Une nouvelle loi de finances
complémentaire, une ! La «tradition» désormais établie est respectée. Jeudi, le
ministre des Finances a annoncé qu'une nouvelle loi de finances complémentaire
(LFC) sera nécessaire, pour la troisième année consécutive, afin de prendre en
charge les mesures prises par le dernier Conseil des ministres pour soutenir
l'emploi et l'investissement. Karim Djoudi a d'emblée choisi de répondre à la
critique - sérieuse - sur l'incapacité du gouvernement à faire une prévision
budgétaire annuelle qui est la durée la plus basique qui soit. Sans les mesures
exceptionnelles annoncées dans le dernier Conseil des ministres, l'Algérie
aurait-elle échappé à une autre «LFC» ? Certains en doutent et relèvent que la
LFC est désormais incluse, d'emblée, dans la démarche du gouvernement. La
répétition du recours à la LFC tend à les conforter. Ne pas avoir une démarche
sur un an, cela fait néanmoins désordre. A l'évidence, le ministre en est
conscient en affirmant que le recours à une loi de finances complémentaire «ne
signifie pas un manque de visibilité en matière de prévisions des finances
publiques du pays» mais apporte des «correctifs à des décisions exceptionnelles
qui seront prises durant un exercice donné». Bien entendu, les incidences
financières des mesures prises récemment doivent être officiellement inscrites
dans le budget de l'Etat. Mais la LFC servira aussi, selon le ministre, à
consacrer certaines «dispositions légales». Nul ne sait quelles sont ces
dispositions. Mais il faut savoir que les opérateurs, algériens comme
étrangers, n'oublient pas que les dernières lois de finances complémentaires
ont été l'occasion d'impulsion des changements significatifs en matière de
politique économique. L'absence de clarté sur les «dispositions légales» à
consacrer ne manquera pas de susciter quelques appréhensions. Le débat sur la
pertinence d'un recours systématique à la LFC n'est pas près de s'estomper.

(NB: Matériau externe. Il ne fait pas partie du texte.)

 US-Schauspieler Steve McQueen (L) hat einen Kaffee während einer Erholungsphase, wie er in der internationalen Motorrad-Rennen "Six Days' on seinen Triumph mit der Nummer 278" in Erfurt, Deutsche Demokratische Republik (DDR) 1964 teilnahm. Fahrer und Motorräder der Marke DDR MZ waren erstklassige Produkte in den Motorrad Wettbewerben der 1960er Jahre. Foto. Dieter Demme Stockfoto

Hausse des salaires et inflation
Les observateurs de la scène économique retiendront davantage le fait que
le ministre des finances, Karim Djoudi, admet qu'il existe un risque de poussée
inflationniste en 2011. Celle-ci est un effet quasi mécanique du
renchérissement des produits alimentaires – en général importés – et des
hausses de salaires sans contrepartie productive. Les augmentations de salaires
décidées par les pouvoirs publics n'allant pas, dans une proportion
significative, à l'épargne mais à la consommation, l'effet inflationniste est
certain. M. Djoudi semble tabler sur l'hypothèse que les nouveaux revenus ne
seront pas consommés mais transformés en épargne. Ainsi, selon la projection
optimiste du ministre des Finances, les rappels au titre du régime indemnitaire
de 2008, 2009 et 2010 pourraient être transformés en épargne par les ménages
afin de l'utiliser dans les dispositifs de soutien à l'accession au
logement.»Les banques ont tout intérêt à profiter de cette masse d'argent mais
doivent être plus actives en termes de mobilisation de l'épargne», a-t-il
déclaré. La masse monétaire en circulation enfle du fait des injections
massives d'argent public dans l'économie sans contrepartie de production. Les augmentations
de salaires comme les dépenses publiques vont renforcer une demande qui n'est
pas satisfaite par une offre croissante. Cela entraîne mécaniquement à une
hausse des prix qui vient annuler ces augmentations. L'épargne, qui est en
effet une issue à cette poussée inflationniste, n'est possible que lorsque les
ménages arrivent à dégager des excédents. Cela n'est possible que pour une
petite partie des ménages. Dans une économie où les revenus salariaux sont
engloutis par la consommation et les besoins primaires et où la production
stagne, l'effet inflationniste est assuré. Il faut ajouter également que les
taux d'intérêt, très bas, sont totalement dissuasifs pour l'épargne et poussent
à la consommation et donc à l'inflation. Cet aspect de la politique monétaire
algérienne, qui aurait été plus efficace dans l'encouragement de l'épargne, ne
semble pas près d'être remis en question.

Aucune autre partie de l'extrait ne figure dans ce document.